Анфиса сейчас вдруг вспомнила этот разговор, эту наивную, как ей тогда показалось, фразу: «Хорошо, что на земле есть речки». А ведь в самом деле хорошо. И что солнце на небе, и что дождь, и что снег, зима, а потом весна… Только бы война вот скорей кончилась, Кирьян вернулся…

Анфиса неожиданно для самой себя всхлипнула.

— Вы уж напрасно так, — сказала учительница, откладывая нож и доставая папиросу. — Письмо вам еще будет, задержалось где-то.

— Не задержалось, не будет. — Анфиса враждебно сверкнула глазами, будто недовольная за эти участливые слова. — Я вот чувствую, что-то случилось с ним. Что-то случилось!

Берта Яковлевна чиркнула спичкой, прикурила, стала смотреть в окно, за которым в синей предутренней дождливой мгле проступали мокрые горбатые крыши соседних домов.

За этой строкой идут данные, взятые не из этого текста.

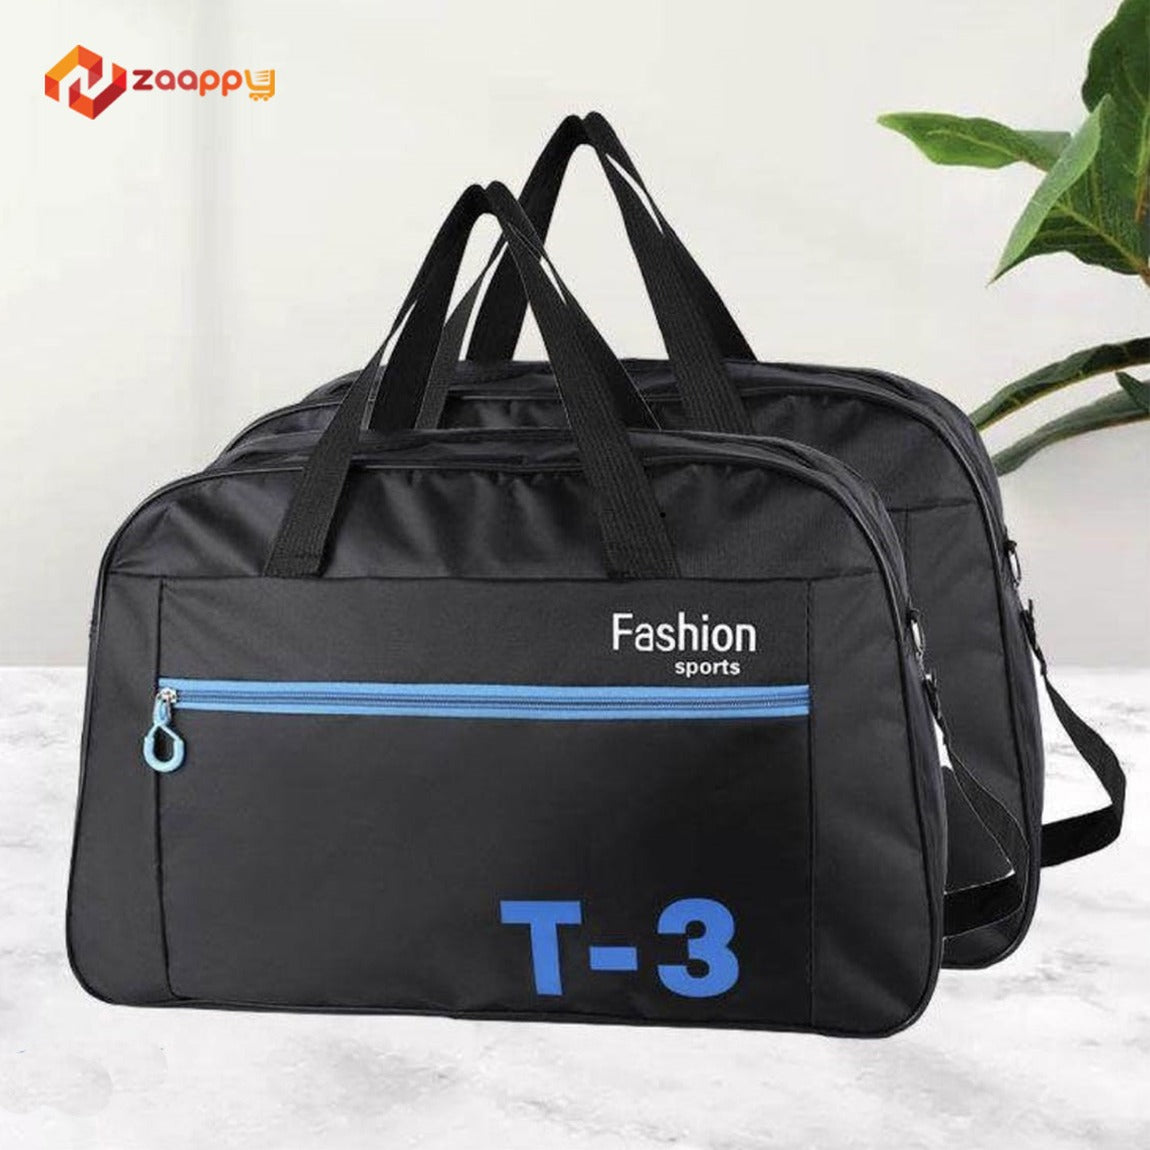 32" VL PU Leather Lightweight Soft Material Luggage Bag | Get T-3 Sports Bag For Men Combo Gift Zaappy

— Он, ваш муж Кирьян, был хороший человек?

— Хороший, — прошептала Анфиса, опуская голову. Но тут же медленно начала ее поднимать, в глазах ее была не враждебность уже, а в прах испепеляющая ненависть. Анфиса поднимала голову угрожающе, зловеще, в руках у нее был кухонный нож потемневшего железа. Сжимая этот нож, будто собираясь кинуться на учительницу, она начала подниматься с табурета. Берта Яковлевна обо всем догадалась, торопливо бросила папиросу в кучку картофельных очисток.

— Анфиса, простите! Я оговорилась.

— Т-ты?! — взвизгнула Анфиса. — Что ты его хоронишь?!

От ее вскрика проснулся Колька, быстро приподнялся, сел, спросонья заморгал глазами.

— Что кричишь-то? Случилось чего, мам?

Анфиса молча и тяжело дышала.

— Ничего не случилось, — сказала Берта Яковлевна. — А ты вставай, сегодня последний экзамен у тебя. И я буду спрашивать тебя строго. Бином Ньютона повторил?

— Да знаю я его, — зевнул Колька.

— Николай, я серьезно говорю! — рассердилась учительница. — Я обязательно задам тебе этот дополнительный вопрос.

— Сказал — знаю. На тройку, а знаю.

— Вот, — Берта Яковлевна повернулась к Анфисе, — на тройку…

Пока шел этот разговор, Анфиса немножко успокоилась, отошла. Она знала, почему идет у них эта перепалка о непонятном ей биноме неведомого Ньютона. Однажды Берте Яковлевне все-таки показалась подозрительной какая-то Колькина отметка в журнале, и учительница, удивленно разглядывая классный журнал, вышла из своей комнаты: «Николай, это когда ж я тебя по алгебре спрашивала?» — «Здрасте! — воскликнул сын нахально. — Когда я бином Ньютона-то пол-урока вам шпарил?» — «Ну-ка, бери ручку и бумагу». — «Еще чего? На уроке — пожалуйста, переспросите. Я вам в два мига его выведу…»

И Колька быстренько, торопливее, чем положено, скрылся за дверьми.

В тот вечер он долго готовил уроки, чуть не до утра шуршал страницами учебников, и Анфиса догадалась, что этот самый бином он не знает, а сейчас вот учит. «Паразит такой, мошенник!» — думала она тогда о сыне с раздражением.

— На тройку, видите ли, он знает, — повторила учительница. — И доволен. Безобразие! А способный парень. На фронт собираешься! Оценка тогда все-таки подозрительно появилась… А меня, Анфиса, простите, ради бога. Ну, оговорилась я. Я не хотела. Жив, жив ваш муж.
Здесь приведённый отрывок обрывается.